I don't remember where I've seen this, and I'm even wondering whether I might have done this by myself by the past. but yeah I think i'm getting a little mistaken between HTML and XHTML, i'm probably talking about the latter.
and yeah you're right about the standalone tags that don't have a closing tag in HTML.

What are you talking about with "JS blocks and similar" ? <script></script> ? I see no problem with this.

JonB · wrote on 21 Oct 2024, 09:54

@ankou29666 said in Extract parts from webpage:

What are you talking about with "JS blocks and similar" ? <script></script> ? I see no problem with this.

:) In between <script> and </script> you can have essentially anything over many lines.
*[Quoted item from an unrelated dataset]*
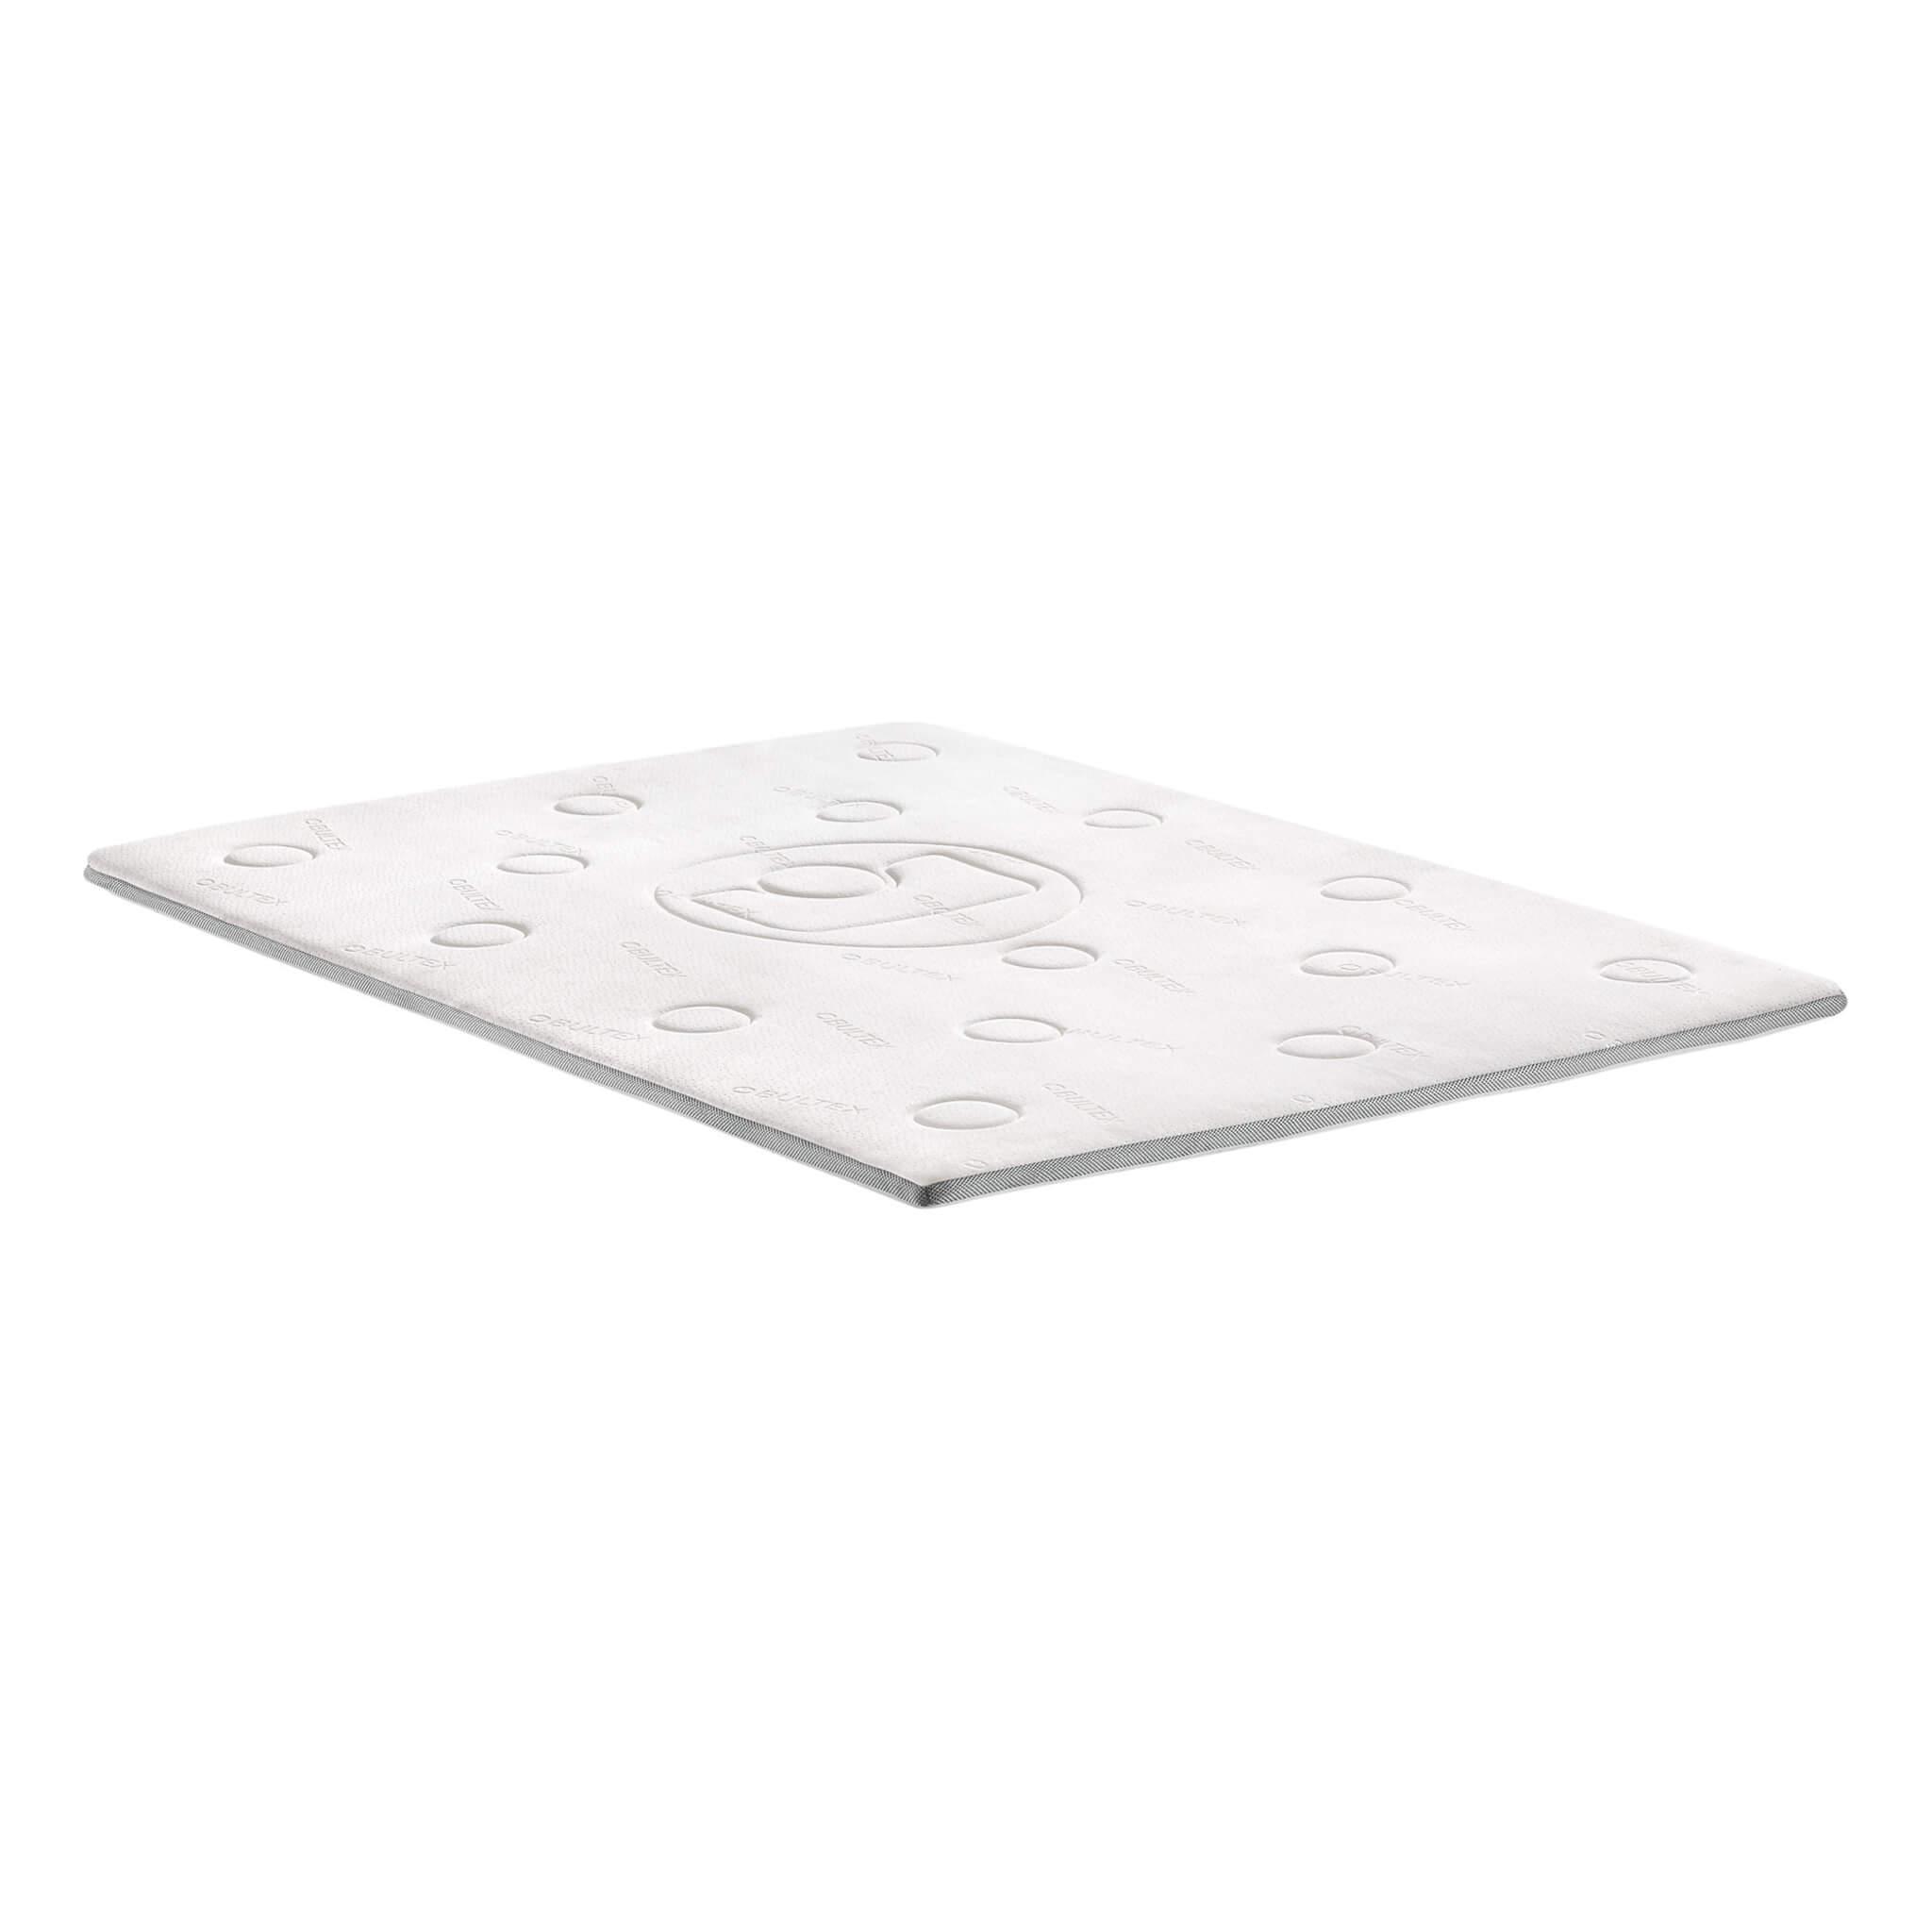 Surmatelas confort à mémoire de forme épaisseur 5cm 180x200

Probably anything you like except </script>. An HTML parser must know to do something like allow anything inside <script>. Where does XML have a tag like <script> which allows absolutely any arbitrary non-XML/HTML (not to mention what would it do to put that into an XML tree), and just pick up again at </script>? :)
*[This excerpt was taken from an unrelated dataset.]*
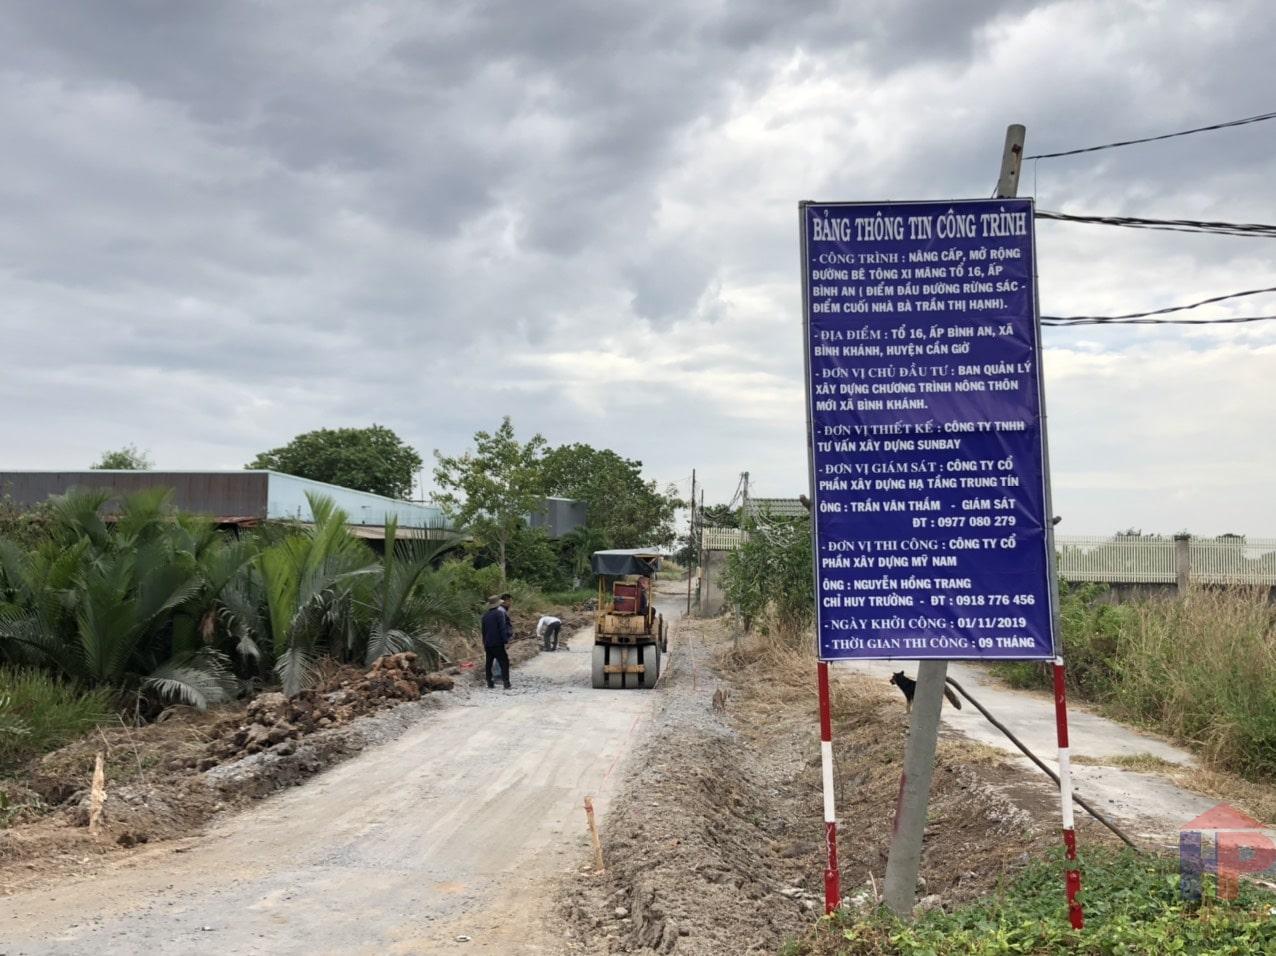 Bán đất tại xã Bình Khánh huyện Cần Giờ, DT 5200m2, giá 2.1Tr/m2

Btw, XML has <![CDATA[ ... ]]> for arbitrary text insert, but that's very different syntax from <script> ... </script>.

ankou29666 · 21 Oct 2024, 10:55

XML has no predefined tags, so what's wrong in having one named <script> rather than <foo> or <bar> ?
Yeah the <script> tag can have content over multiple lines. Yeah. and what's the problem with this ? Now I remember a bit more about what i've done a few years ago, I had no problem extracting content of a <script> tag (among others) from browser's parser.

Well ok, a little search makes me find out that it's JS's DOMParser I was using, which actually handles both HTML and XML.
I had forgotten the subtle nuance between DOM and XML. Thus my mistake.

Qt had QDomDocument class (which looks much more like what I was initially searching for) but still intended for XML and not HTML ...

JonB · wrote on 21 Oct 2024, 10:55

@ankou29666 said in Extract parts from webpage:

Yeah. and what's the problem with this ?

< and & characters, at least, in the <script>/JS area, e.g.

if (a & b < c)
    document.write("if (a & b < c)");

Use of CDATA in program output.

artwaw · wrote on 21 Oct 2024, 14:11

I made a few approaches to parsing some services with the stream parsers and sometimes it works, sometime it fails due to unexpected content thrown in.
Sometimes I found it better to load the page into QTextDocument and use QTextBlock/QTextCursor approach.
I think it really depends what you expect to extract.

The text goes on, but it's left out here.